EXERCISE DATA:
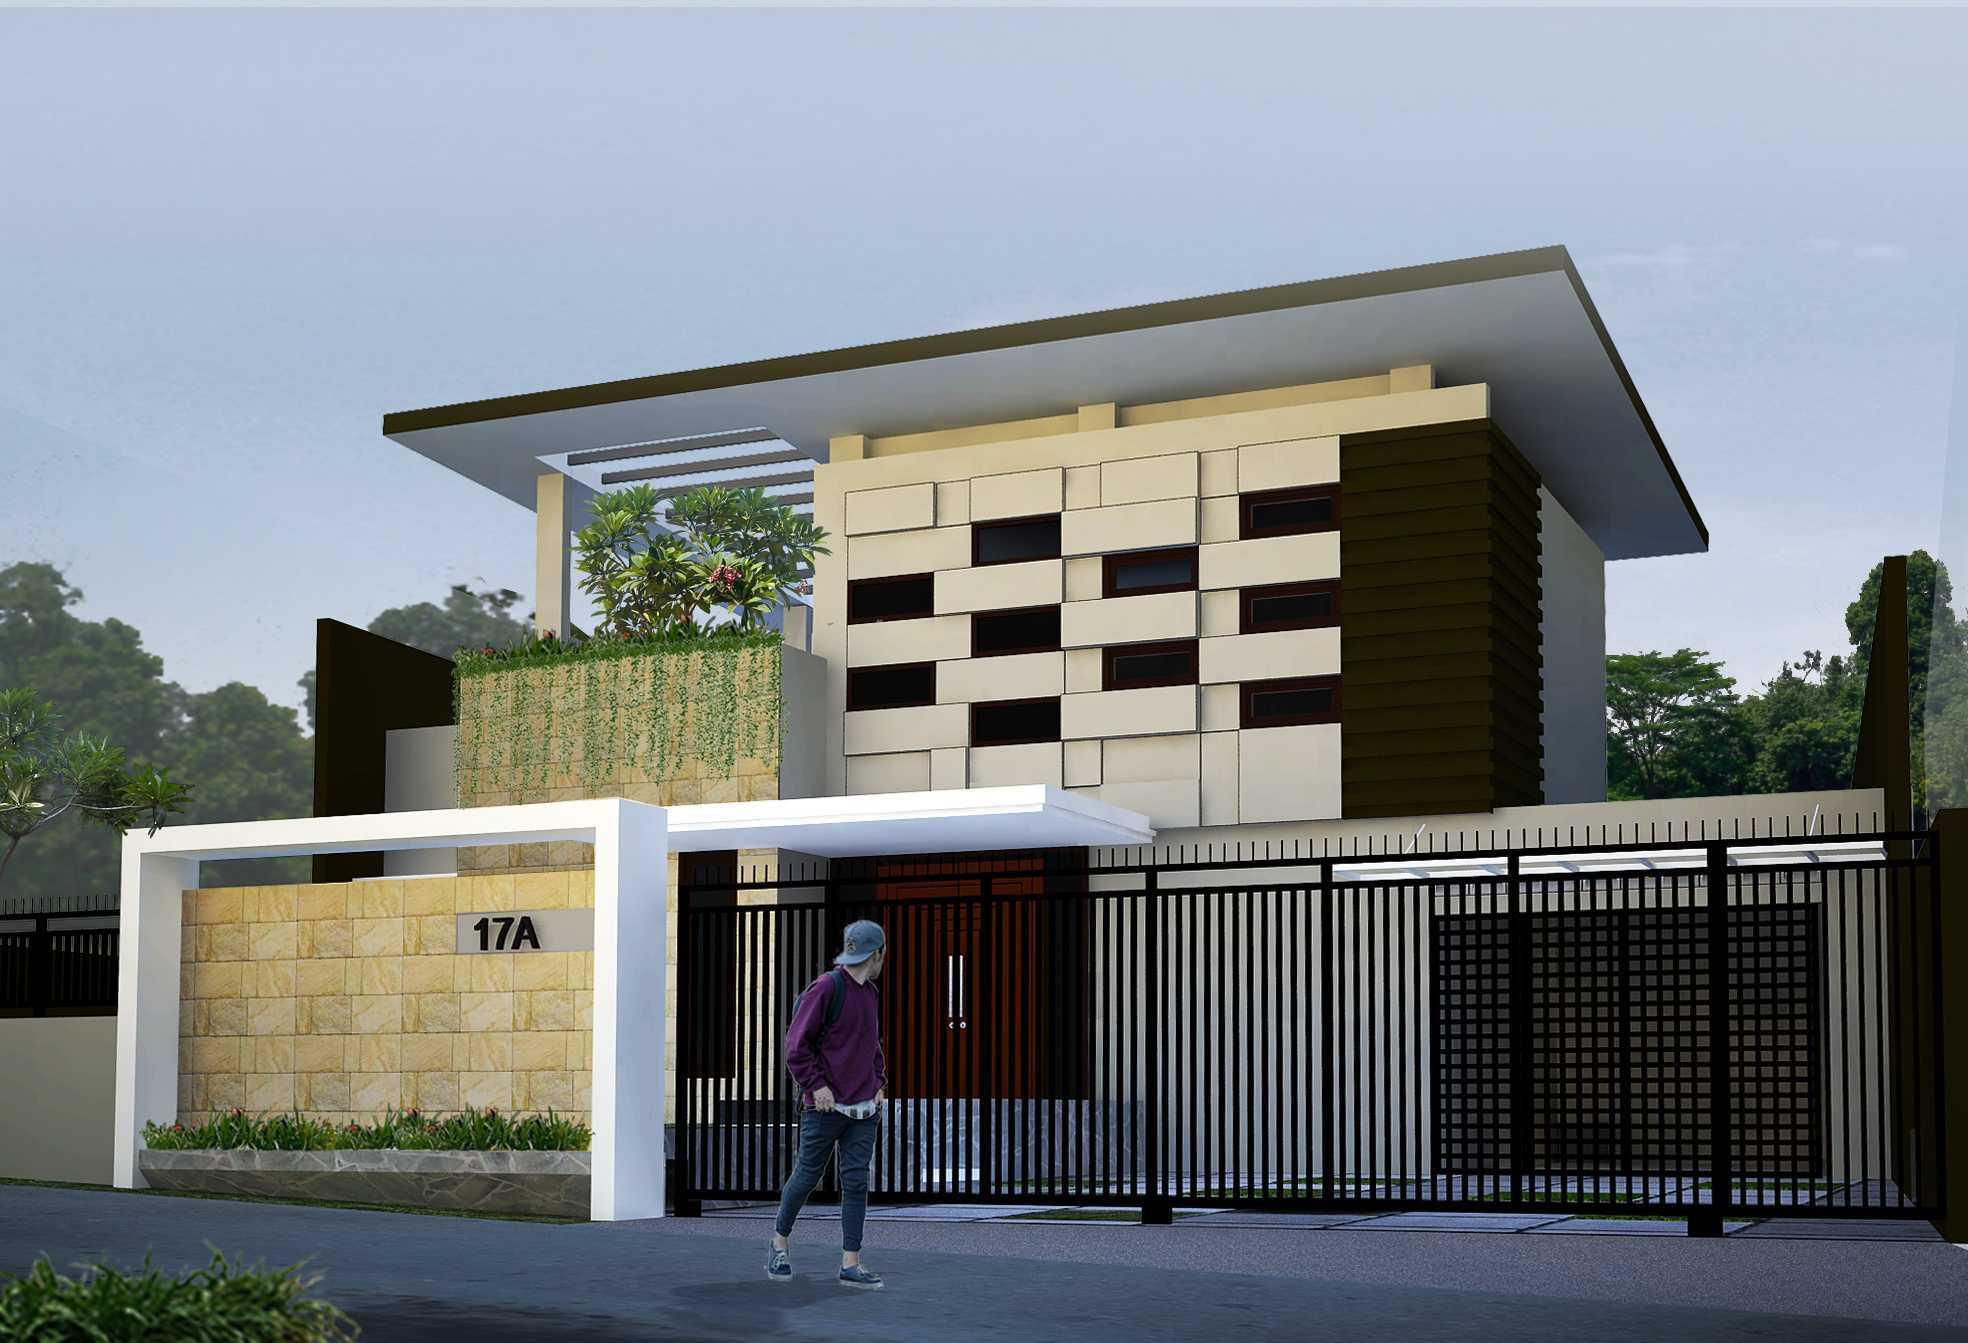 Daun Architect Rumah Tinggal Cigadung Selatan I No.17A Bandung, Kota Bandung, Jawa Barat, Indonesia Bandung, Kota Bandung, Jawa Barat, Indonesia Daun-Architect-Rumah-Tinggal-Cigadung-Selatan-I-No17A  63506
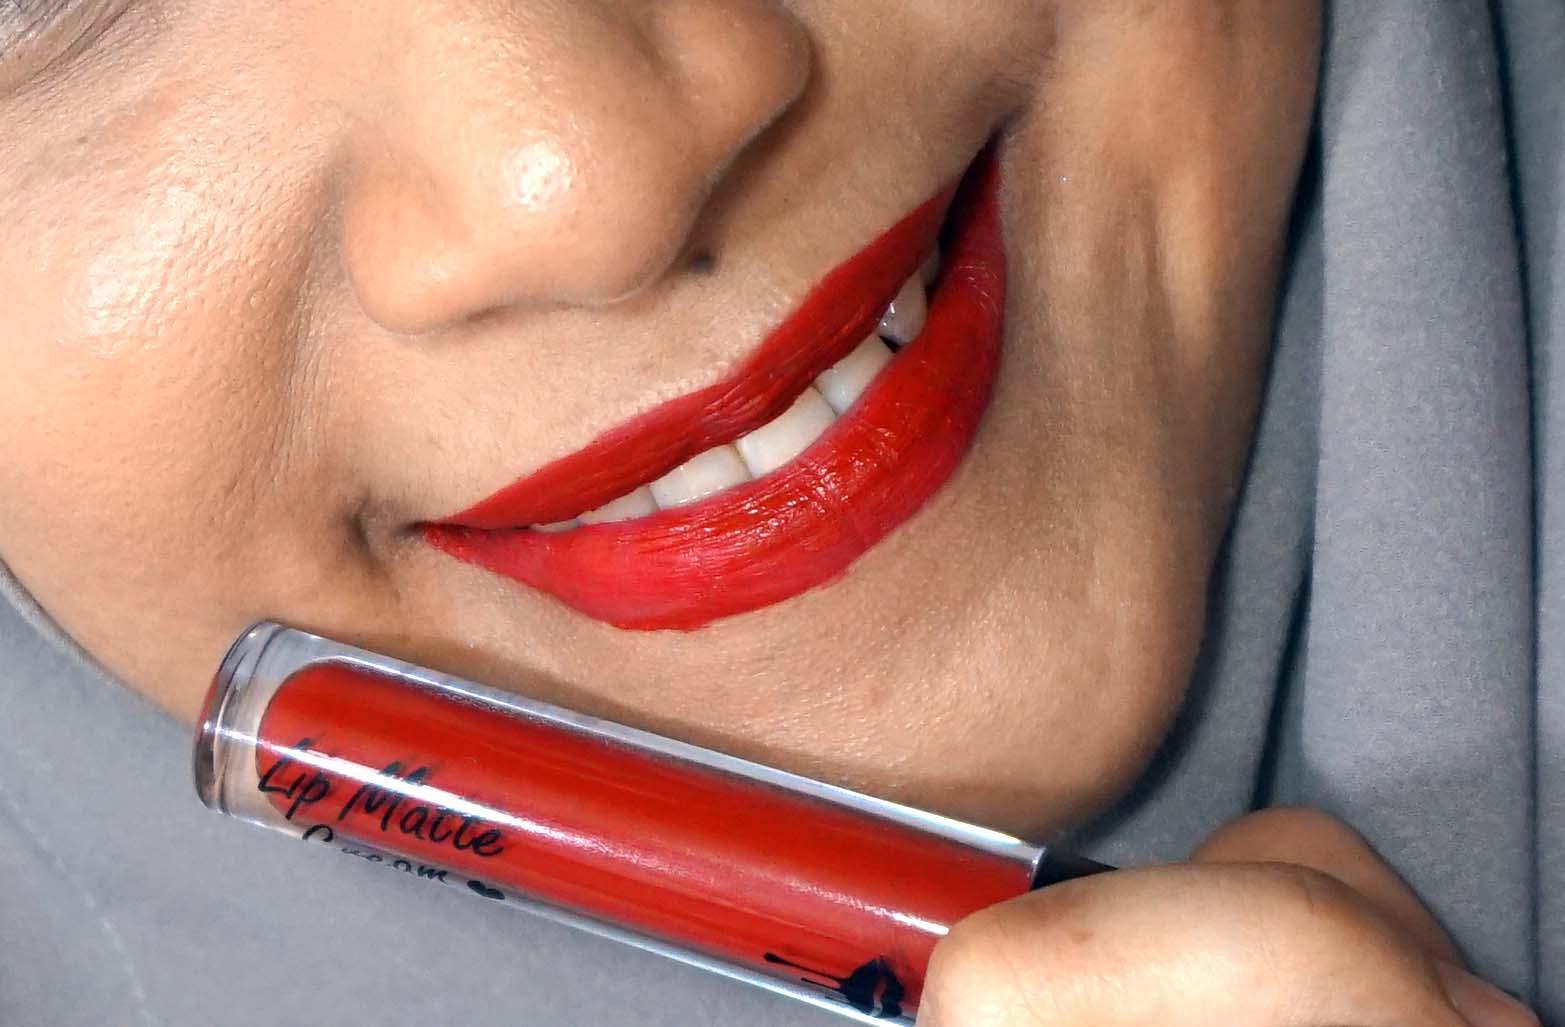 ODESSA MATTE LIP CREAM REVIEW
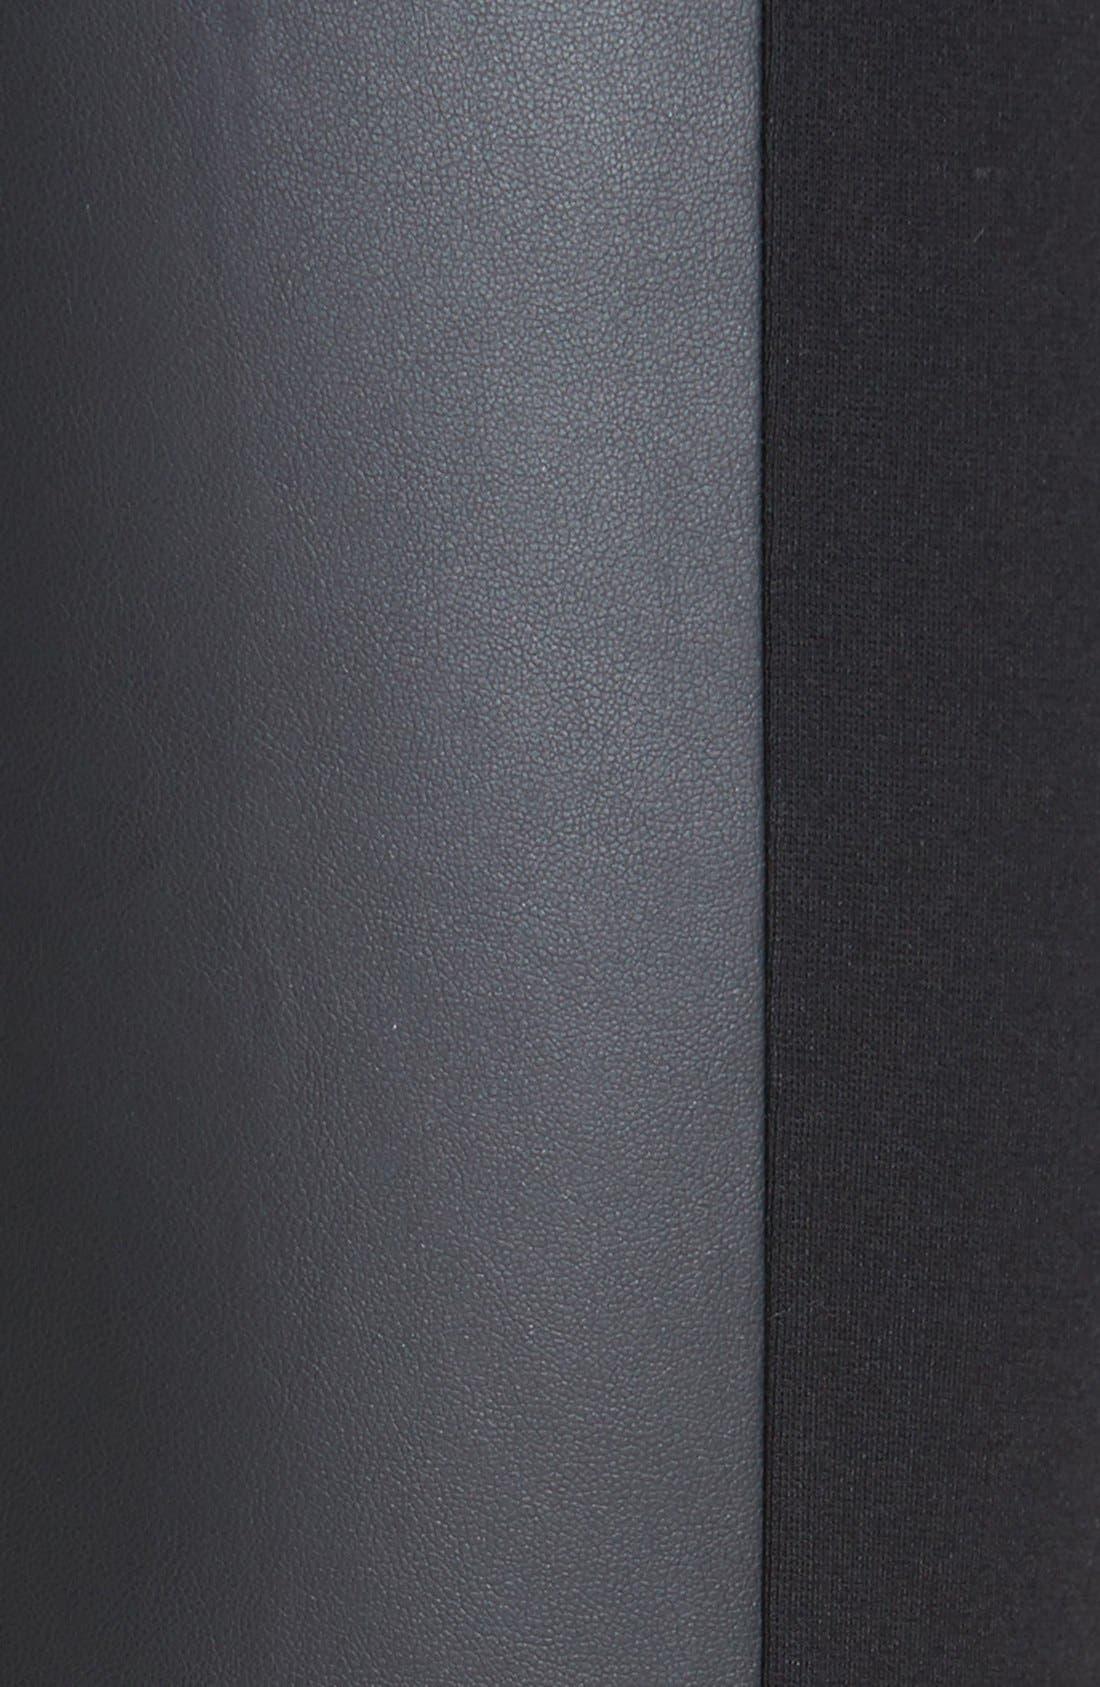 Faux Leather Trim Leggings,                             Alternate thumbnail 2, color,                             001

TASK TO CARRY OUT: Please copy out each line above exactly as written, but not the pictures.

TASK RESULT:
 Daun Architect Rumah Tinggal Cigadung Selatan I No.17A Bandung, Kota Bandung, Jawa Barat, Indonesia Bandung, Kota Bandung, Jawa Barat, Indonesia Daun-Architect-Rumah-Tinggal-Cigadung-Selatan-I-No17A  63506
 ODESSA MATTE LIP CREAM REVIEW
 Faux Leather Trim Leggings,                             Alternate thumbnail 2, color,                             001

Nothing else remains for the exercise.